E nelle sale opulente che travoni di legno al soffitto fanno quasi da “gibigianna” alle luci delle candele, ti siedi in un tripudio di fiori e dove aleggia, sottile e leggero, quel profumo mixato di rose e ornitogalli, eremuris e orchidee.
A tavola un servizio attento, senza sciovinismo appiccicaticcio, con una mise en place piena di fascino, fiammelle tremule della candele su ogni tavolo ed una luce soffusa e discreta che dona una calda tonalità.
Ho degustato, lasciandomi consigliare dalla gentile patron Lella : fiori di zucca “ventagliati” ( spiego: io giramondo enogastronomade mai avevo visto) ovvero i fiori di zucca estesi e fritti in modo tale che il fiore diventa ventaglio, zucchine a julienne e gamberi rossi del mare delle rocce di Trapani, impanati e dorati, al centro un bicchiere di yogurt con piccole reminescenze di menta che dopo la frittura ammonisce le papille ( e prepara al dopo).
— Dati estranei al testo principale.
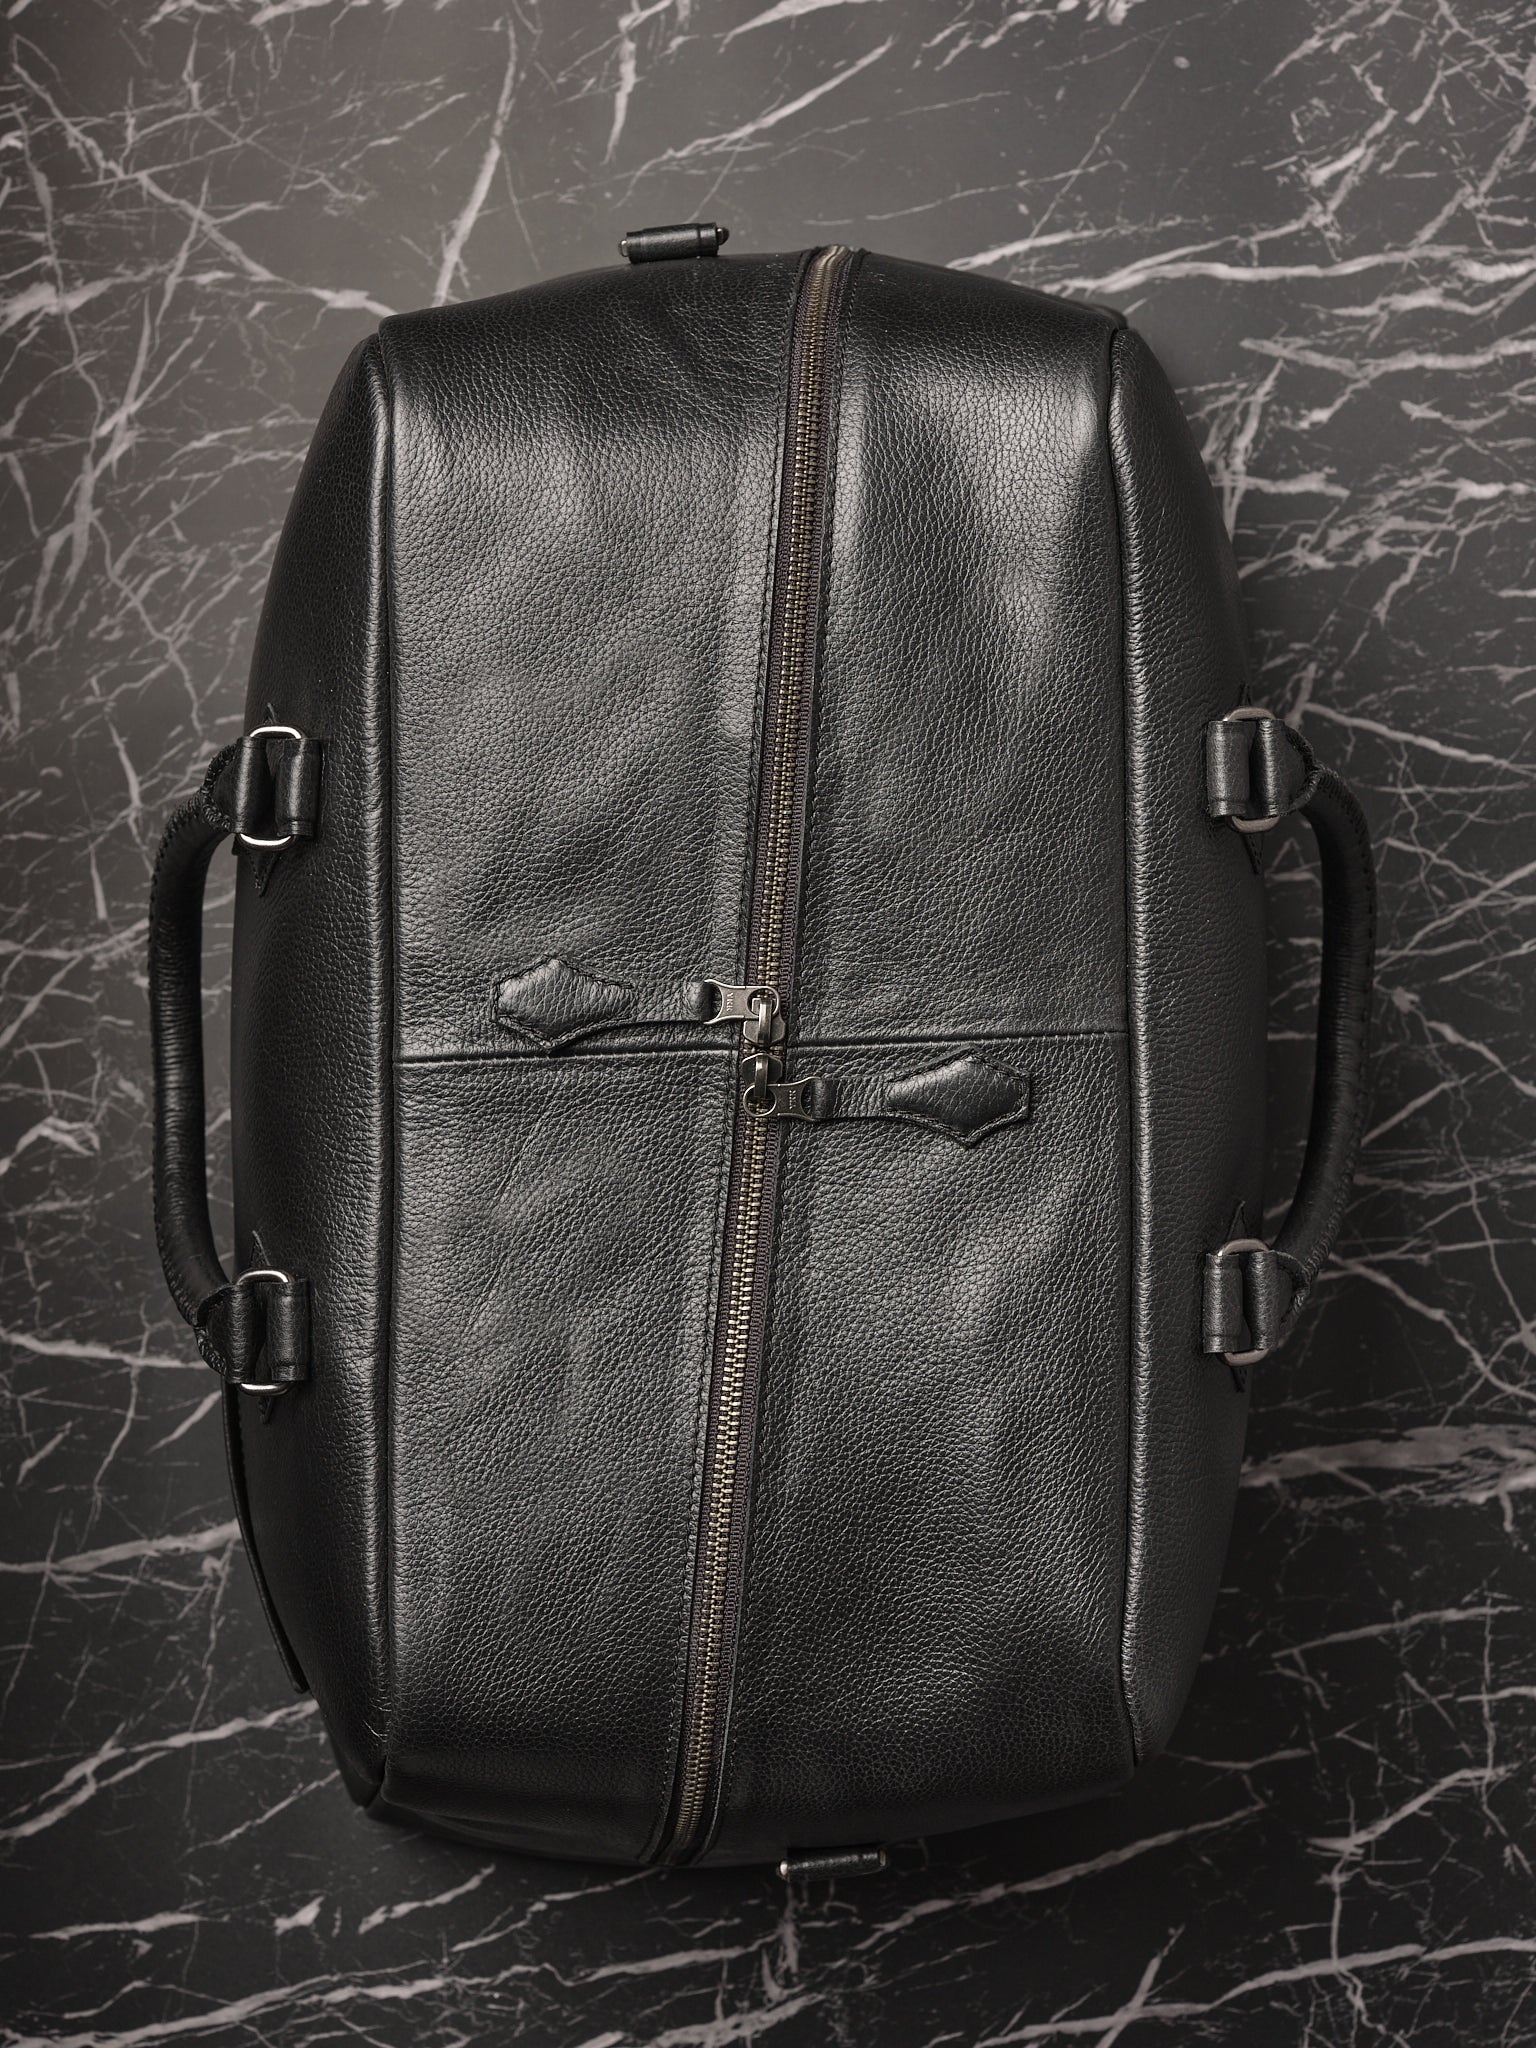 Wide Main Compartment. Weekender Bag for Men Black by Capra Leather

I funghi porcini finemente affettati con piccole rosette di insalatina di campo e lamelle di parmigiano 32 mesi, sono una sorpresa. Perfezione assoluta nei quadrucci con ripieno di carciofo, qui presentati con scampi bianchi lessati a vapore. Un grande branzino di mare aperto cotto al forno, dove la pelle dorata si stacca con leggerezza e le piccole verdure fanno contorno gioioso e goloso. Dessert delicatissimo “ soufflè al cioccolato con salsa agli agrumi “ che rimembra il cioccolato belga presentato in una godibilissima coreografia.
La lista dei vini è attenta soprattutto ai vini italiani (bonus), e alla fine è d’uopo raccontare cosa recita “l’addition”, - al secolo il conto o la pragmatica ricevuta fiscale - : con un'ottima bottiglia di vino Müller Turgau, e quel mitico vino da dessert che si chiama Torcolato del Maculan (nota: un vino da meditazione immenso che ha nel suo dna anche quel leggerissimo profumo di rose, di cui questo cocciuto vignaiolo mette un cespo a capo di ogni filare) e fa serene le papille, porta la cifra di euro duecento, per due persone, caffè e distillati compresi. Da provare, almeno una volta nella vita.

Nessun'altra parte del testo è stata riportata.